Podemos esperar resultados a corto plazo en proyectos de apoyo a las personas emprendedoras y en el impulso de la innovación empresarial, pero también tenemos que alzar la mirada y apostar por la educación, así como por la ciencia y tecnología que son los pilares fundamentales de la nueva economía global del conocimiento.
Así tenemos que mimar a los emprendedores, facilitarles itinerarios asumibles y brindarles la oportunidad de probar y confrontar su proyecto con el mercado. El emprendedor necesita apoyo y coaching, un lugar adecuado dónde instalarse, financiación, apoyo tecnológico… y, sobre todo, precisa que le demos confianza para que sus ideas se conviertan en empleos y riqueza.
Por su parte, las mejoras de productividad en nuestras empresas vendrán porque somos capaces de reducir nuestros salarios y en muchos casos así tendrá que ser, pero la opción estratégica y de futuro consiste en aportar valor diferencial en el mercado con nuevos productos, con modelos de negocio que aprovechan oportunidades y, en particular, el potencial de Internet, con formas de organización que se sirven al máximo del potencial creativo de sus personas, con empresarios capaces de unir experiencias exitosas y ganar economías en redes complejas. En definitiva, con una sociedad innovadora que se une en partenariados público privados que pugnan por construir un eco-sistema avanzado de innovación y hacer realidad proyectos empresariales competitivos globalmente.
La I+D está en los discursos políticos, pero no existe un discurso sobre la I+D que es algo que queda bien, pero que casi nadie toma realmente en serio. Nuestro sistema de investigación merece ser un foco central del debate público, pero no precisamente por la magnitud de los recortes, sino por la magnitud de la apuesta que se realiza. Por un lado, contamos con algunos polos de excelencia investigadora, pero precisamos verdaderas cadenas de valor de conocimiento y tecnología con suficientes masas críticas y orientadas a la generación y aportación de valor real a la sociedad. Se ha avanzado en la vinculación entre la sociedad, las empresas y el mundo de la investigación, pero falta una conexión efectiva para que el sistema de investigación se convierta en un auténtico agente de transformación, garante del futuro. Finalmente tendremos que cambiar el sistema institucional y de gobernanza de la investigación, pero con un rumbo cierto y sostenido en el que se prime la profesionalización, la calidad, la internacionalización, la excelencia y el logro de resultados, elementos todos ellos en los que se podría encontrar el suficiente grado de acuerdo social.

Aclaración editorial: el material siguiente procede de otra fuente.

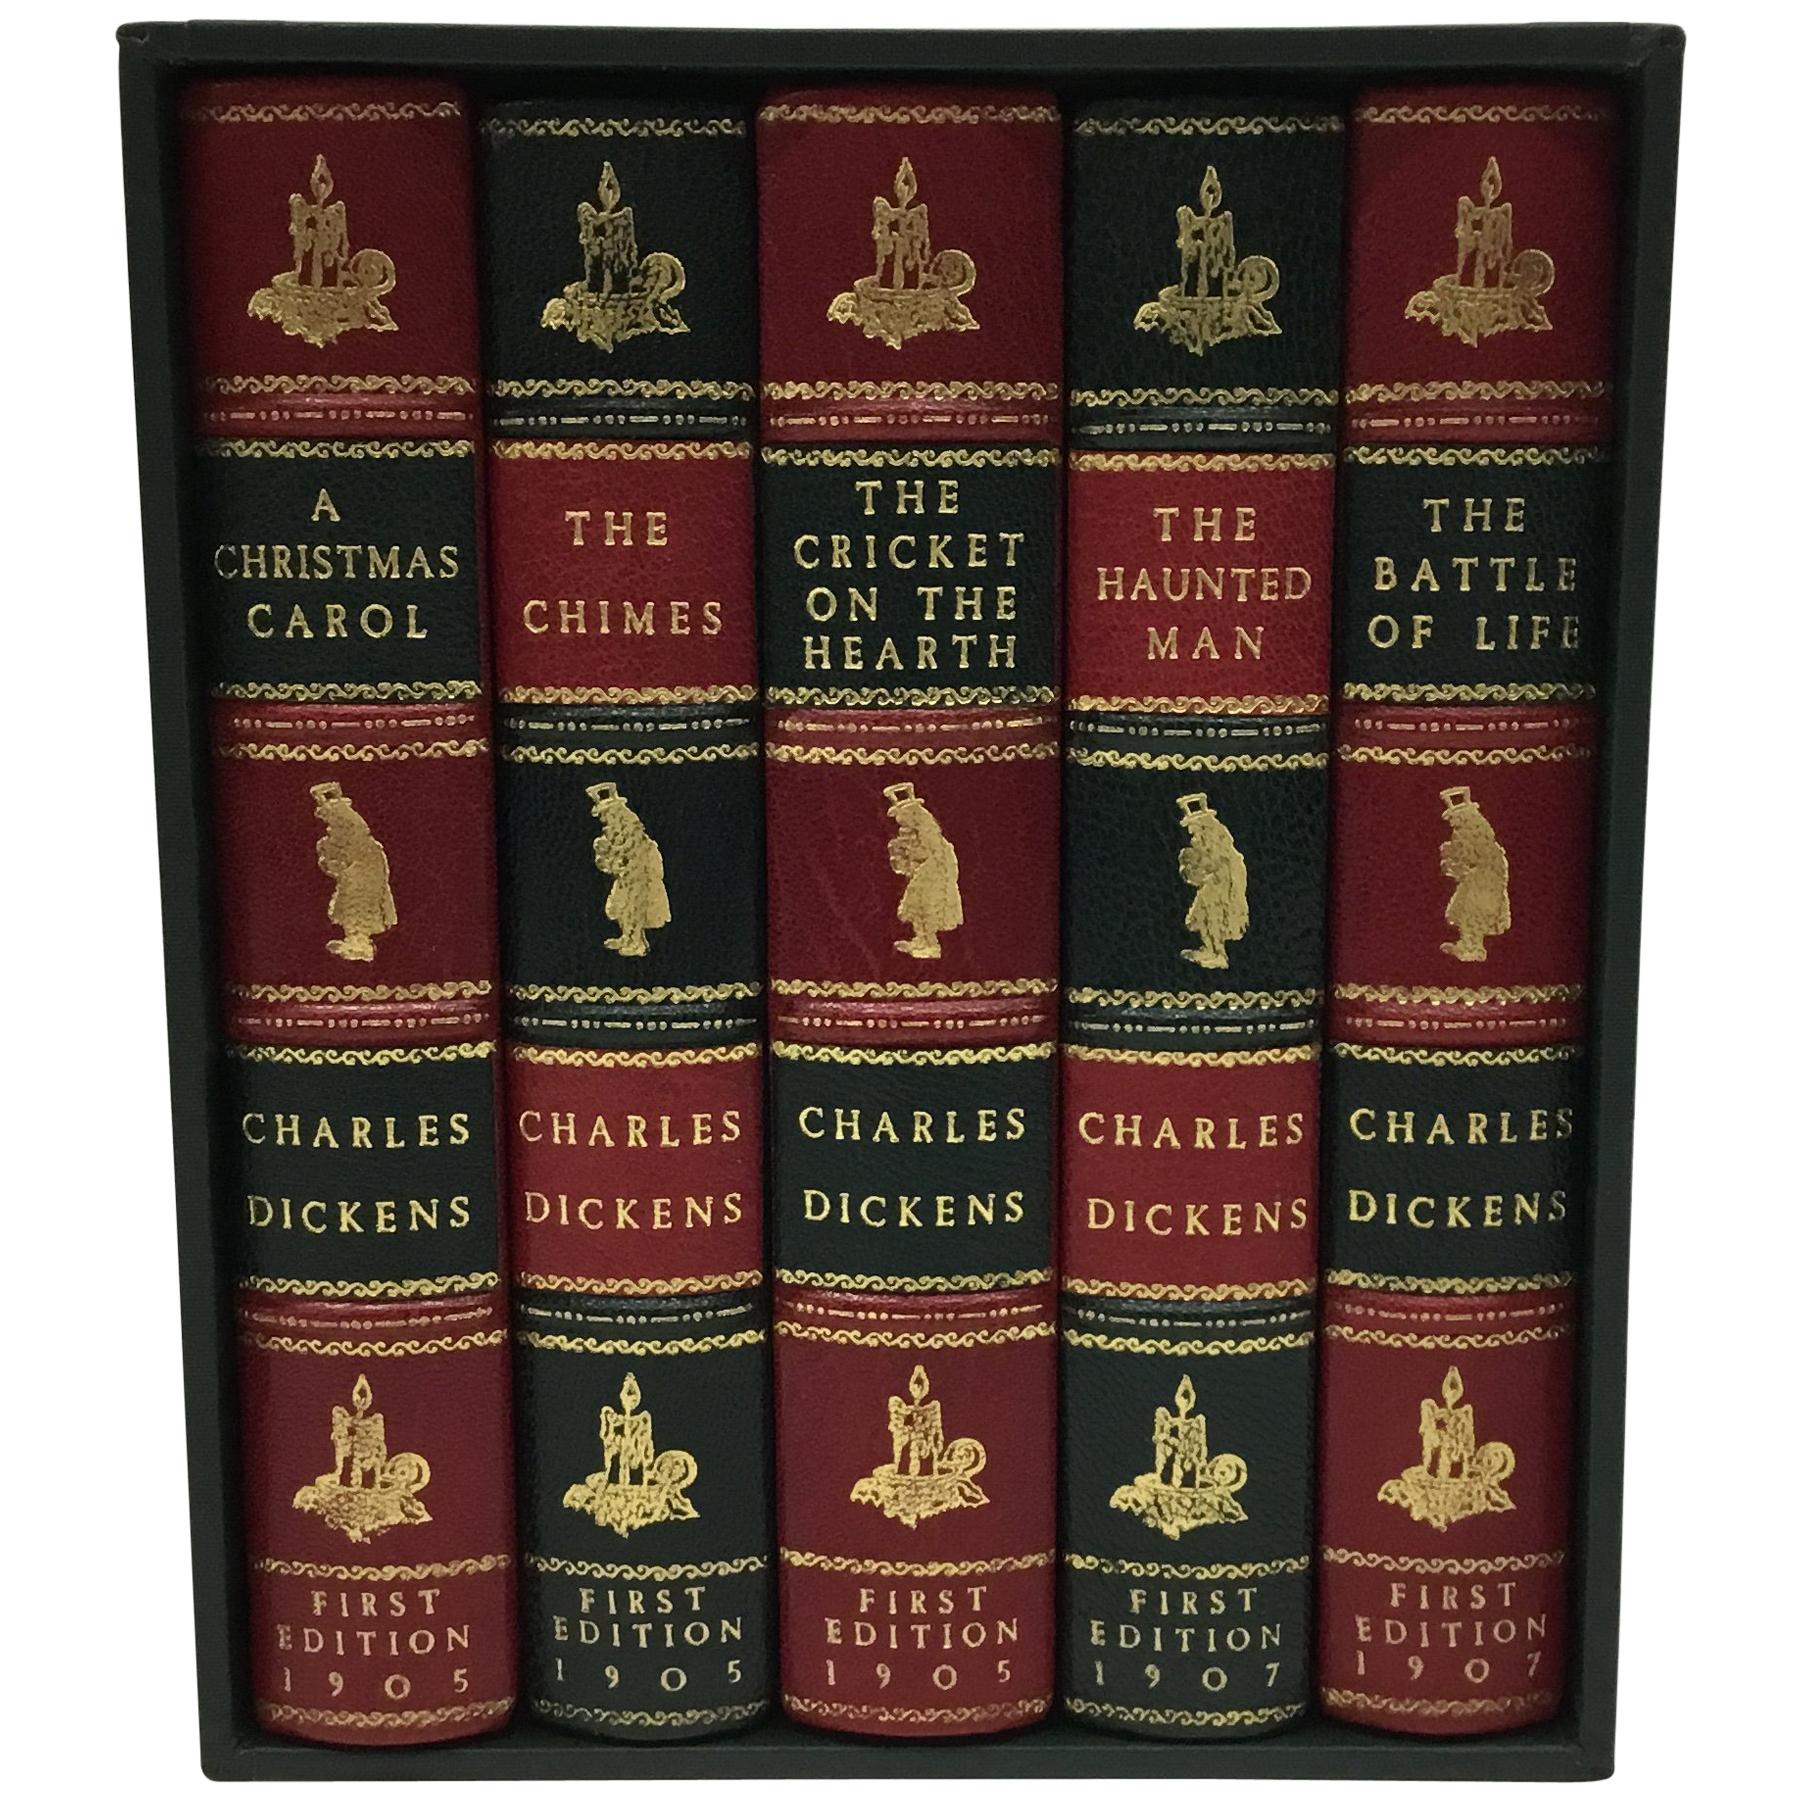 Charles Dickens Christmas Books, Special Illustrated First Edition Set, 1905-07
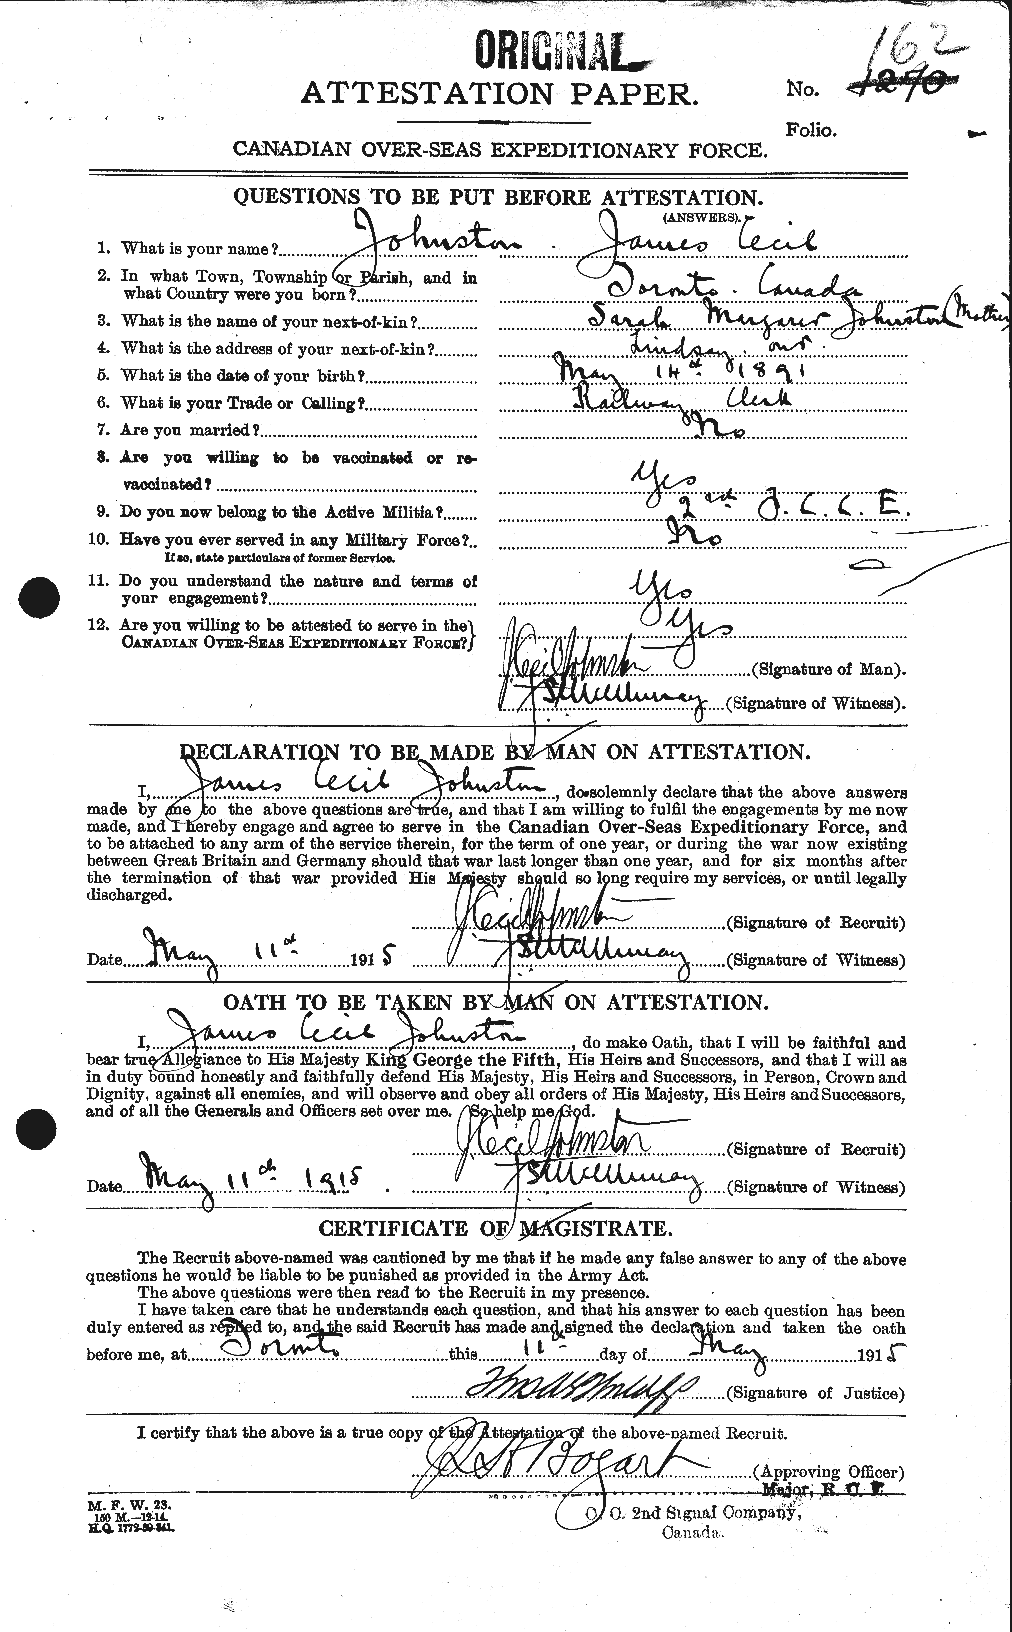 Personnel Records of the First World War - CEF 422725a

Finalmente, existe un gran consenso sobre la necesidad de cambios en la educación como lo demuestra el ranking de nuestros estudiante en las evaluaciones PISA (por debajo de la media de la OCDE) y los datos estadísticos de fracaso escolar (el 31% de los jóvenes no finaliza la secundaria) que son simplemente el reflejo de una sociedad que no valora y apuesta suficientemente por la formación. Tenemos que alinear la apuesta por la radical transformación del sistema productivo, con una completa reestructuración de la educación a todos los niveles para que personas bien formadas alimenten empresas innovadoras, a la vez que construimos un nuevo tejido productivo que ilusiona con empleos de calidad y bien remunerados.
Estamos todavía muy lejos de un sistema que motive el emprendimiento, de momento, la innovación no deja de ser una rara excepción en nuestro tejido empresarial y la investigación y la formación precisan de profundas y radicales transformaciones. Avanzar en estos campos exige liderazgo, convencimiento y grandes transformaciones institucionales, pero poco conseguiremos si no somos capaces de priorizar e invertir generosamente en ello en estos momentos de crisis.